Commerce Commission clears the way for Armourguard purchase of ACM

New Zealand Security Magazine - Update

Commerce Commission
Acquisition is unlikely to substantially lessen competition in any New Zealand market. Image: Armourguard/LinkedIn.

The Commerce Commission has given clearance to Evergreen NZ Holdings (Armourguard) to acquire 100% of the shares in ACM New Zealand Limited from ACM Holdings (NZ) Limited.


Commerce Commission Chair Dr John Small said the Commission was satisfied that the acquisition is unlikely to substantially lessen competition in any New Zealand market.

“After careful consideration of all of the relevant factors, the Commission is satisfied that the proposed acquisition is unlikely to substantially lessen competition when compared to the situation if the proposed acquisition did not proceed,” stated Dr Small.

According to a Commerce Commission statement, central to its decision was its assessment of competition in the wholesale and retail cash-in-transit services markets if the proposed acquisition were to not take place, and the competition that would be lost with the proposed acquisition.

“absent a merger, it is not likely that competition between the two large CITs would continue, and instead [it] is likely that there will be an exit from the market. We consider that a merger would be a preferable as a more orderly outcome.”

“As noted in Evergreen’s application, the relevant businesses of both Evergreen and ACM have suffered significant cash losses. An ongoing decline in the use of cash and reduced demand for cash-in-transit services – accelerated during the COVID-19 pandemic, and the rationalisation of bank branches  – coupled with inflationary increases in costs makes it difficult for two national wholesale cash-in-transit providers to be financially viable. Without the proposed acquisition, we consider that it is unlikely that both Evergreen and ACM would continue to provide cash-in-transit services in New Zealand.”

Given that ACM is projected to continue to suffer losses, the Commerce Commission considered that “ACM would likely exit the relevant markets in the short term”, and on that basis it was satisfied that “there would not be a substantial loss of competition or material impact on the price and/or the quality of cash-in-transit services with the proposed acquisition.”

In a statement issued on 14 October, Armourguard Security/Logistics Ltd Chief Executive Officer, Shane O’Halloran confirmed that the Commerce Commission had granted Evergreen NZ Holdings and ACM Holdings (NZ) Ltd clearance to complete the purchase and sale of ACM NZ Limited.

On 02 April this year, Evergreen Holdings had reached an agreement to purchase ACM New Zealand Limited (ACM). The proposed sale was conditional on the approval by the Commerce Commission.

“We are pleased to see that the NZCC recognises how important consolidation of the secure cash industry is to the New Zealand economy, so that cash remains a viable and sustainable form of payment,” stated Mr O’Halloran.

“Armourguard Security and ACM will now merge both organisations’ CIT assets, liabilities, employees and operations into a newly formed and wholly owned subsidiary of Evergreen called Armourguard Logistics Ltd.

“The new entity, headed up by myself, will continue to be managed locally leveraging Armourguard’s 85 years of New Zealand security knowledge, expertise, and CIT experience,” he said. “We will continue to provide the same great level of service with the added strength of the combined knowledge and expertise of both Armourguard and ACM.”

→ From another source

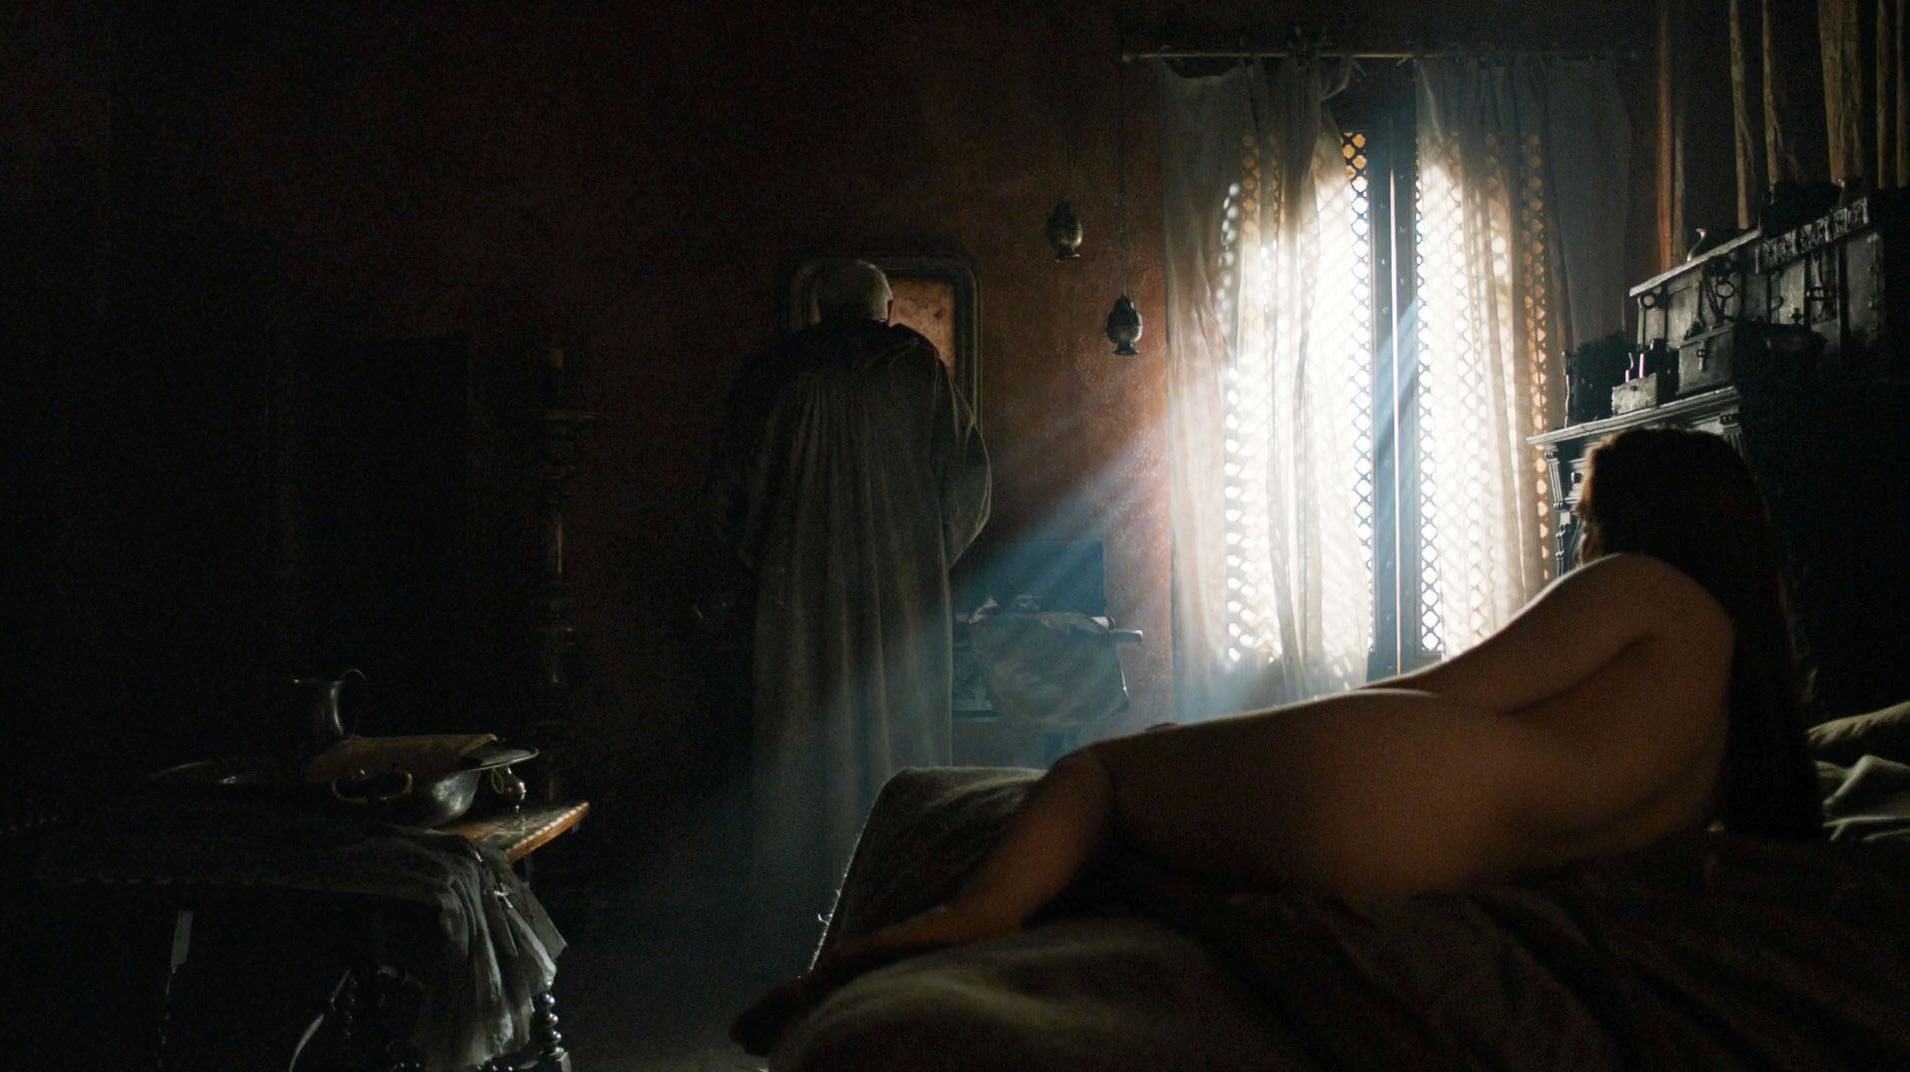 Josephine Gillan nude - Game of Thrones s06e10 (2016)

According to Mr O’Halloran, it will be business as usual as the parties look to complete the transaction in February / March 2025.

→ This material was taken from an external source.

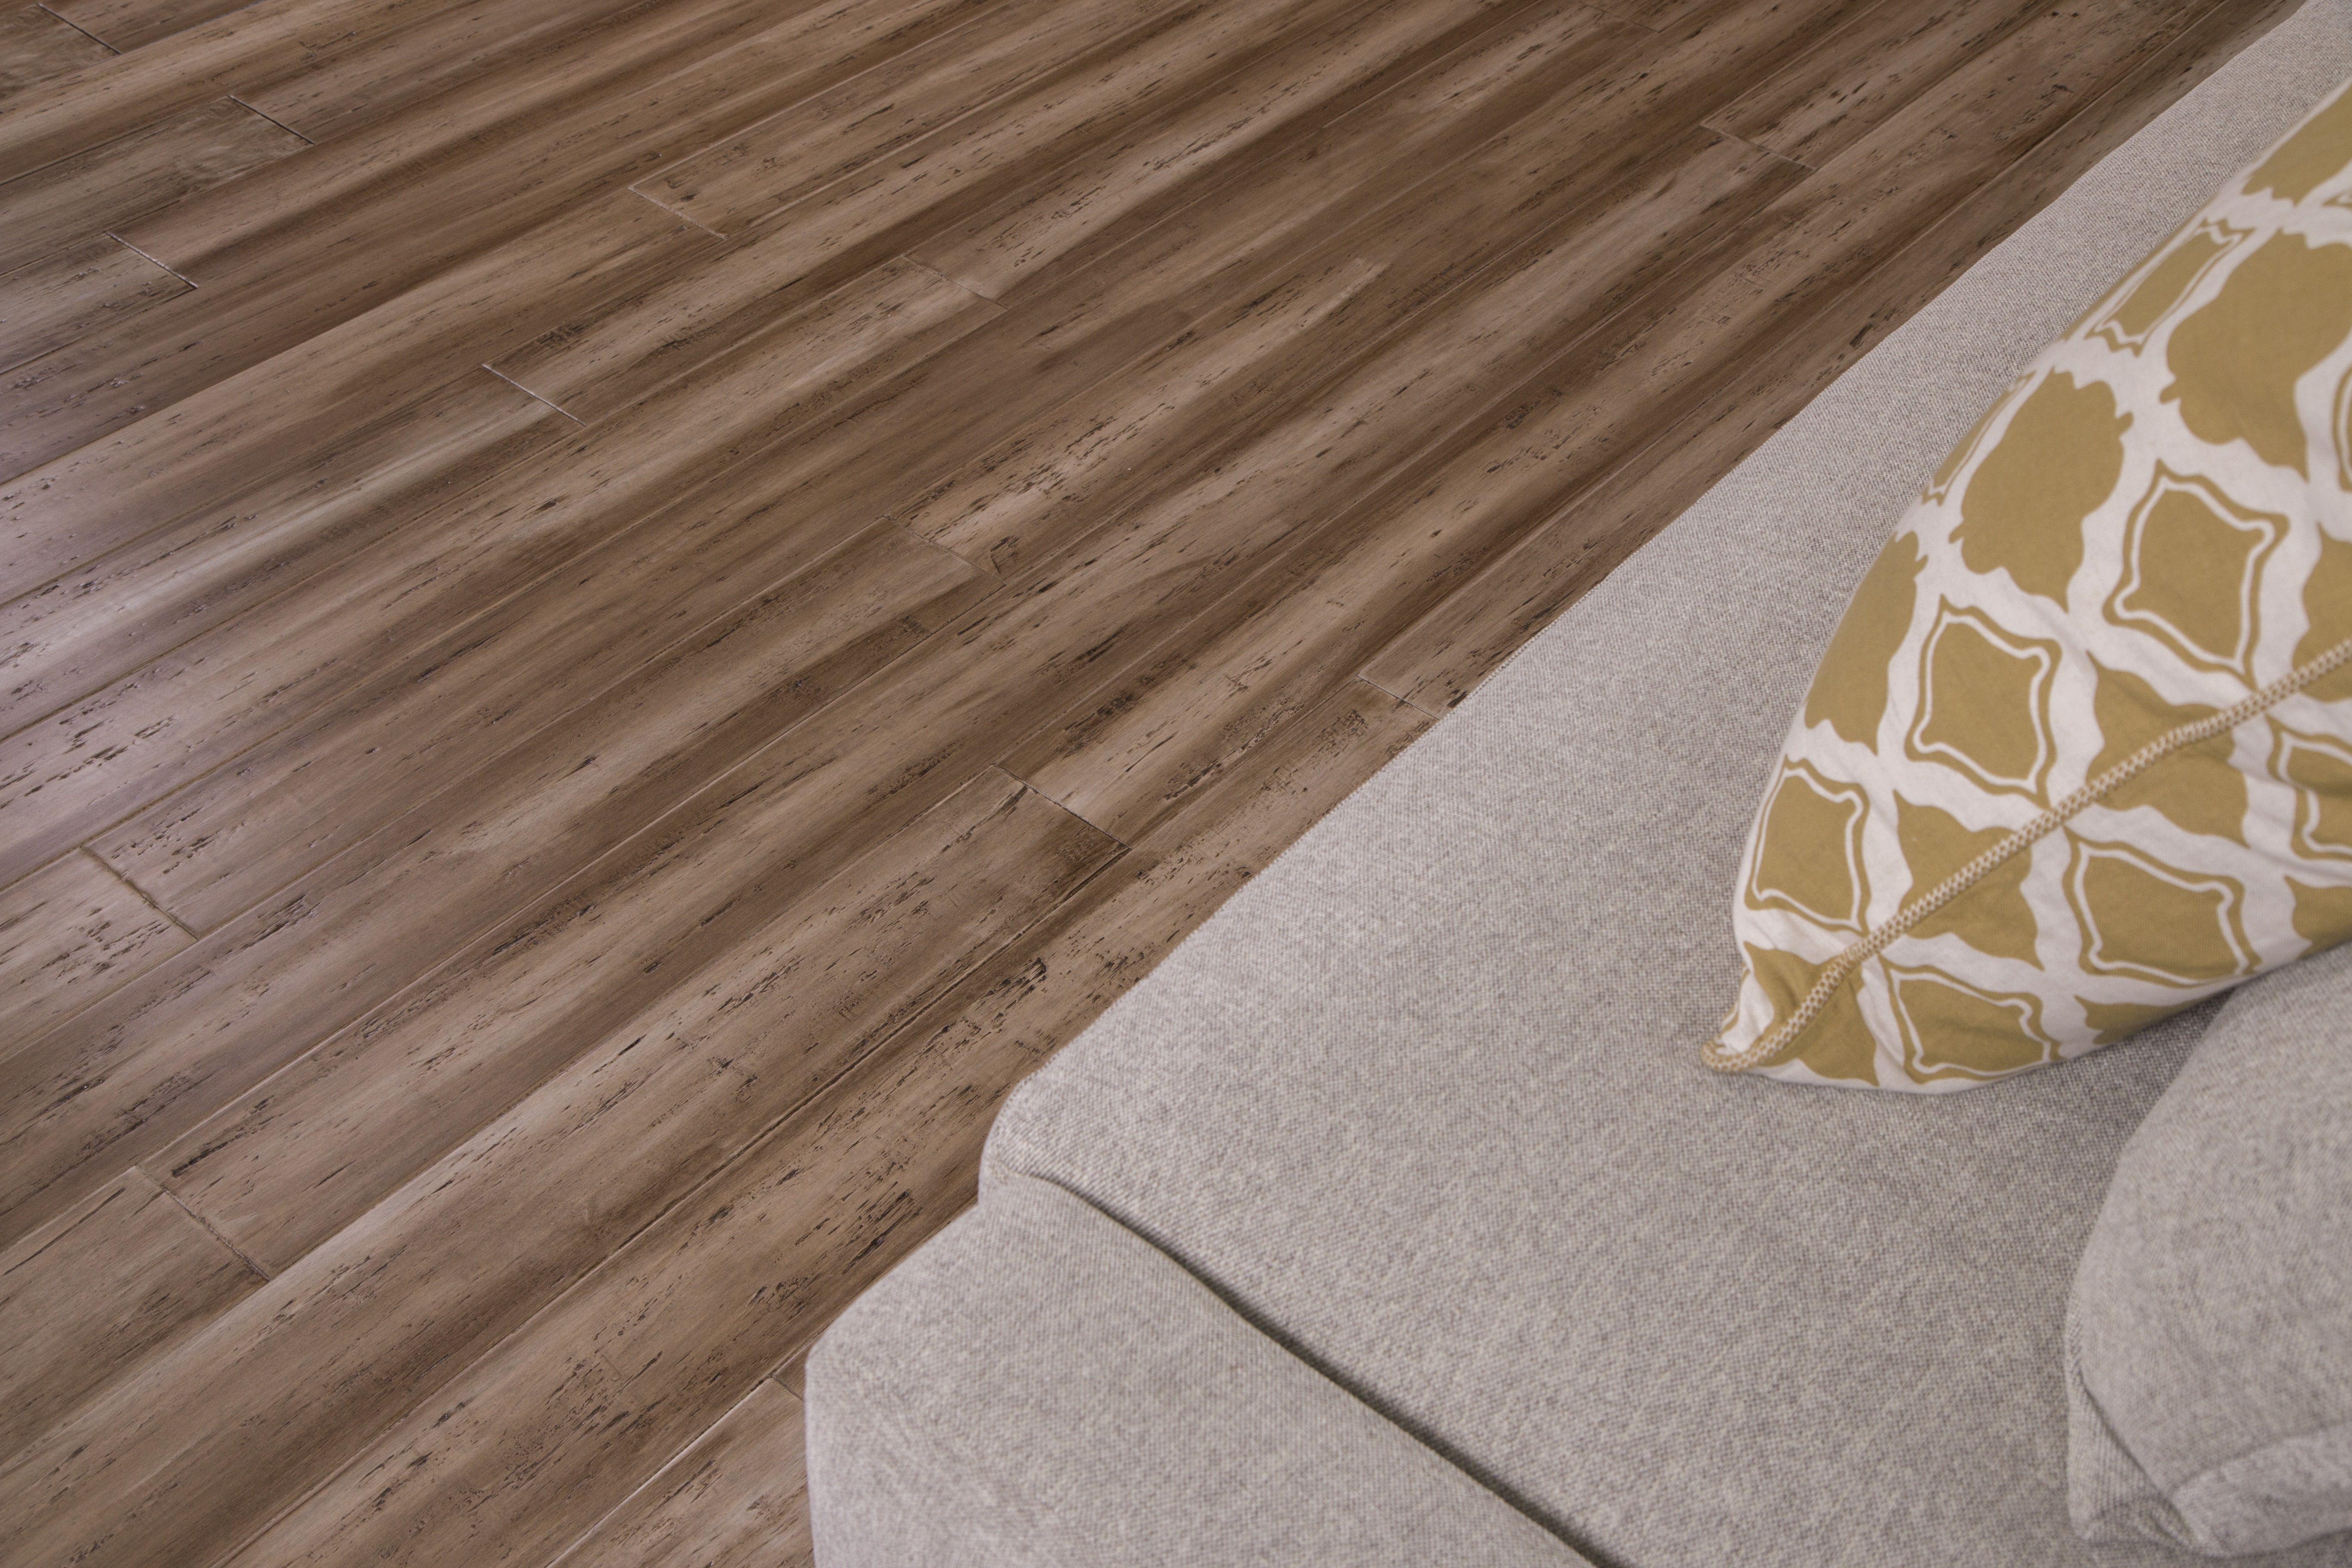 Savanna Bamboo Flooring Chart Topping

“This is a very exciting time for Evergreen (Armourguard) and our friends at ACM. Upon completion of this transaction (and the subsequent transition period), Armourguard CIT shall be stronger, more resilient, and better positioned to service the New Zealand cash economy.”

Several submissions had been received in relation to the proposed acquisition, including a number claiming that it would stifle competition and create monopoly conditions. But in its submission, the Reserve Bank of New Zealand stated that “absent a merger, it is not likely that competition between the two large CITs would continue, and instead [it] is likely that there will be an exit from the market. We consider that a merger would be a preferable as a more orderly outcome.”